In 1825 Chief Boki, then Governor of Oahu, acquired coffee trees in Rio de Janeiro on his way back from London aboard the British warship H.M.S. Blonde. These coffee trees were planted in the Manoa Valley on Oahu, and from a small field trees were introduced to other areas of Oahu and the neighboring islands. In 1828, Reverend Samuel Ruggles moved trees from Oahu to the Big Island of Hawa’i’i and planted them in the Kona district on the western slopes of the volcanoes Hualalai and Manau Loa.
In the late 1800’s efforts to establish coffee plantations were defeated by economics. Over time, small farms averaging less than 5-acres in size replaced the Kona coffee plantations.

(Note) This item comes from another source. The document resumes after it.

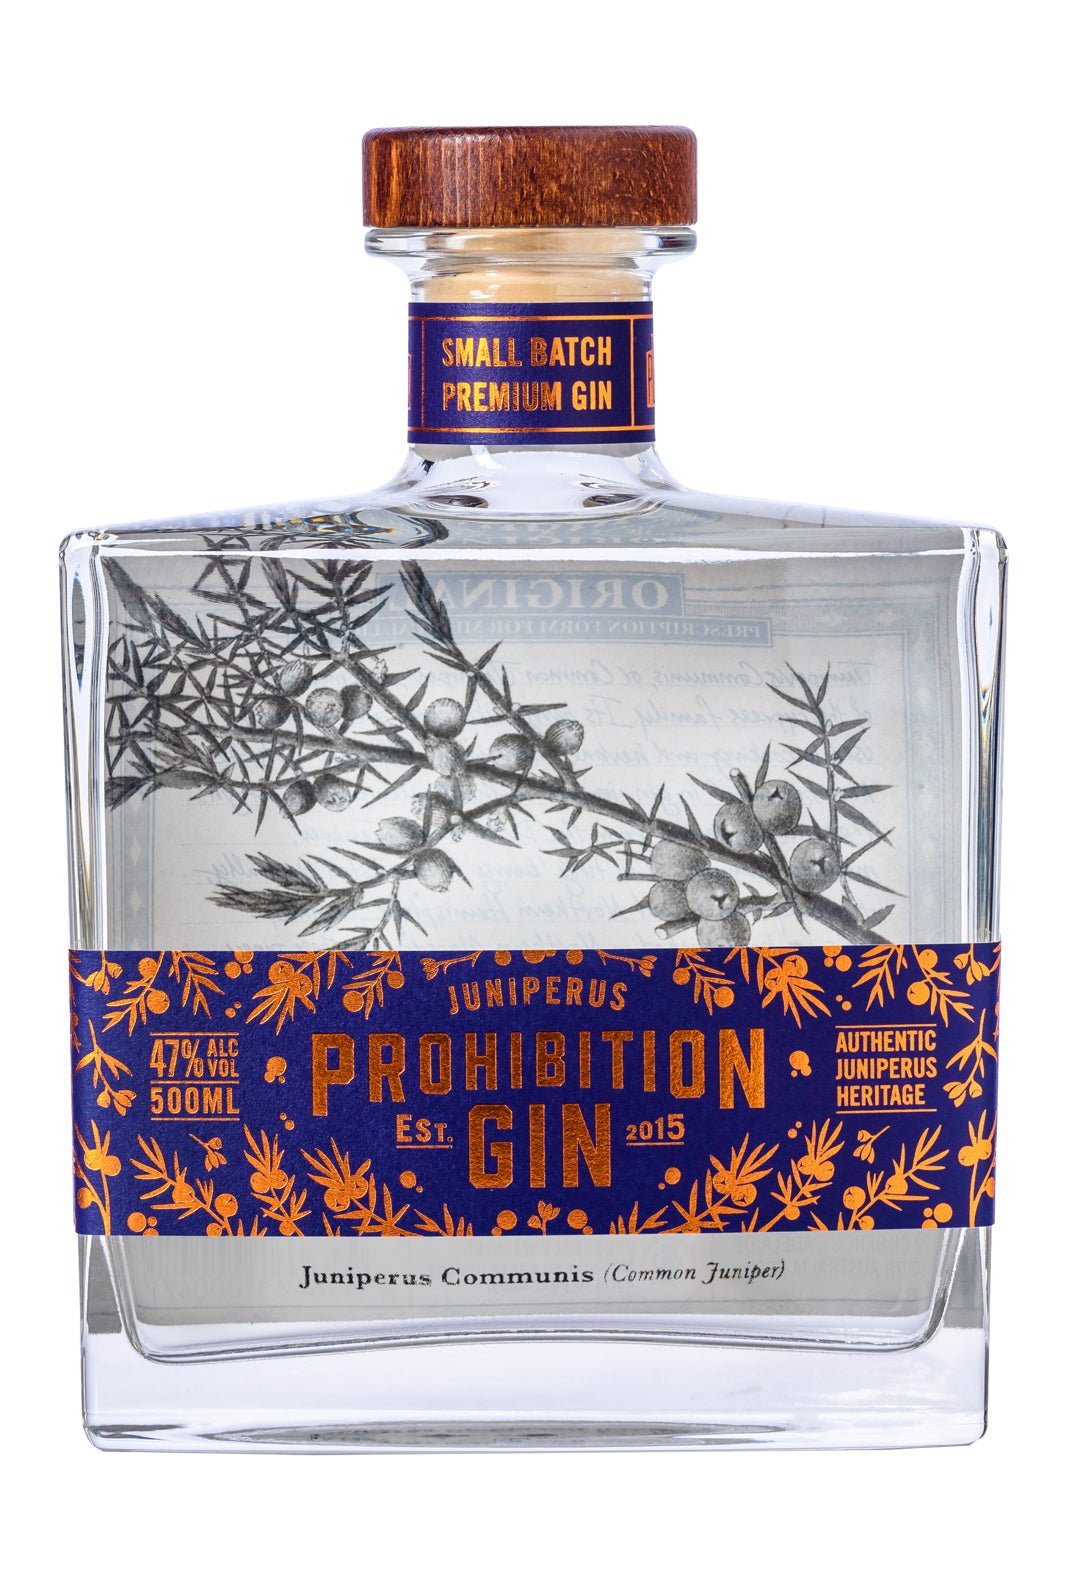 Prohibition Juniperus Gin 47% 500ml | Gin | Shop online at Spirits of France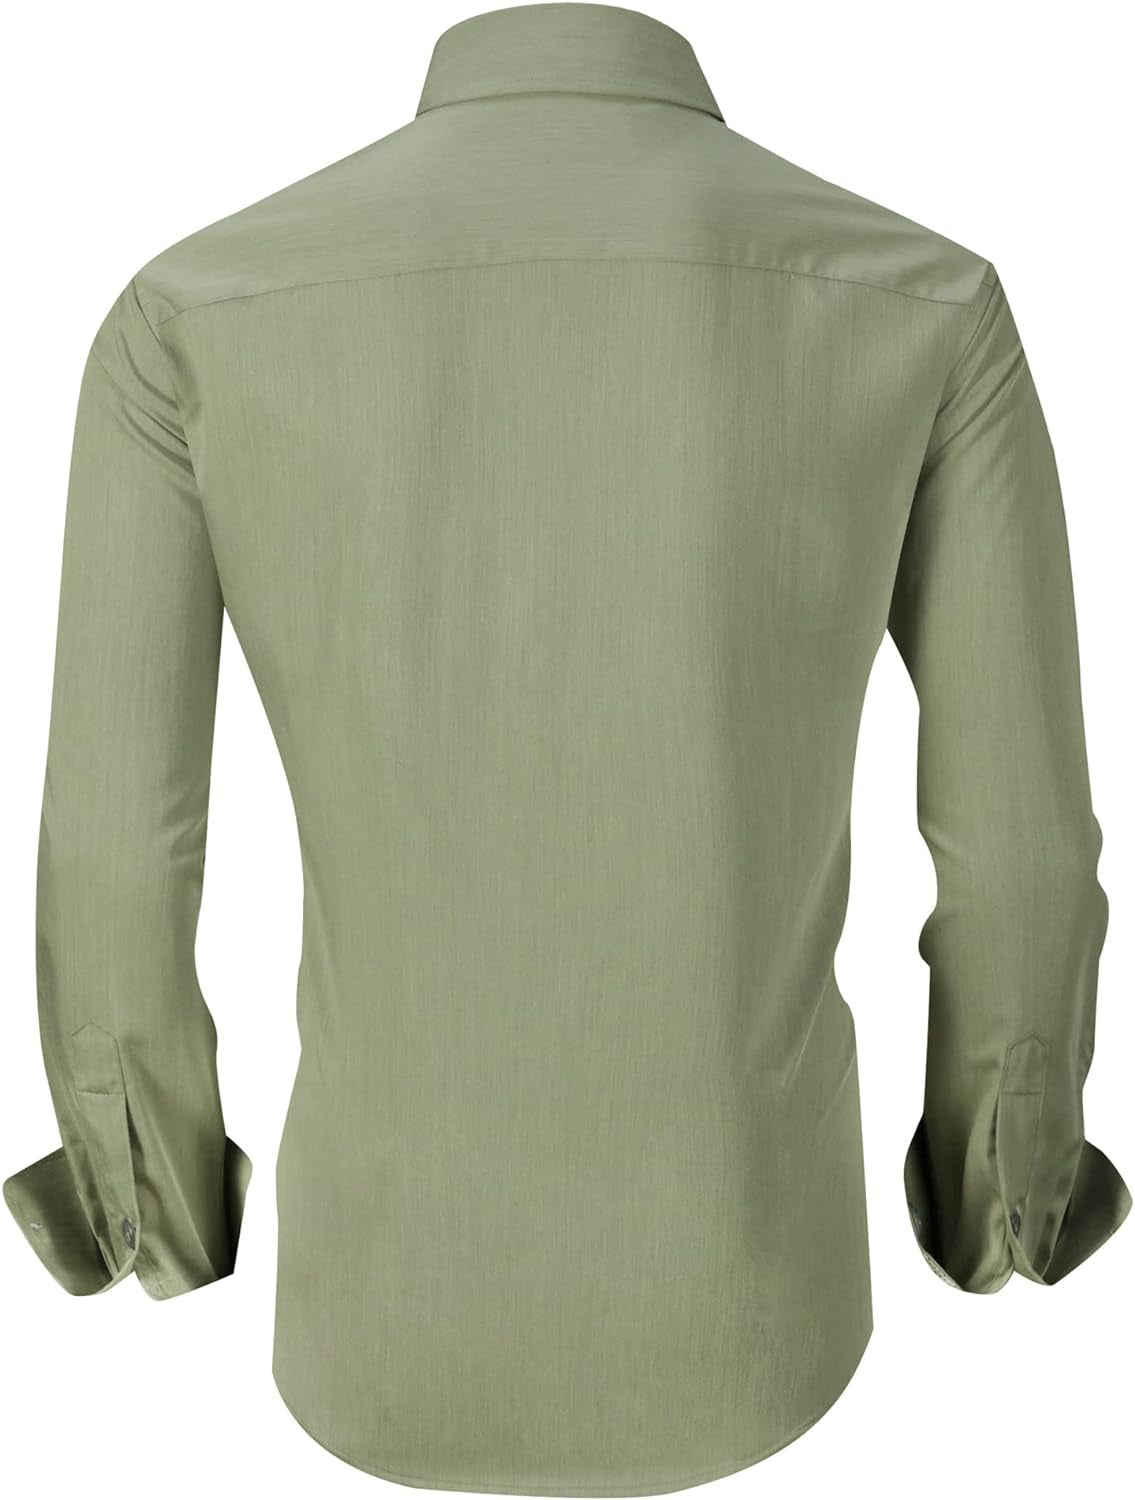 Mens Dress Shirts Wrinkle Free Bamboo Fiber Long Sleeve Casual Button down Shirt

By the 1930’s there were more than 1,000 farms and as late as the 1950’s there where 6,000 acres of cultivated coffee in Kona. By the turn of the last century there was coffee on all the major Hawaii islands. Kona Coffee is grown on the dark volcanic lava rock slopes of Kona, a city for which it gets its name from, located on the west coast of the Big lsland of Hawaii.
The Kona Coffee Belt is an area that is roughly only one mile wide by thirty miles long. It is situated on the western slopes of two volcanoes, Hualalai and Mauna Loa, at an elevation ranging from 500 – 3,000 feet.
Kona has produced coffee continuously since the early 1800’s.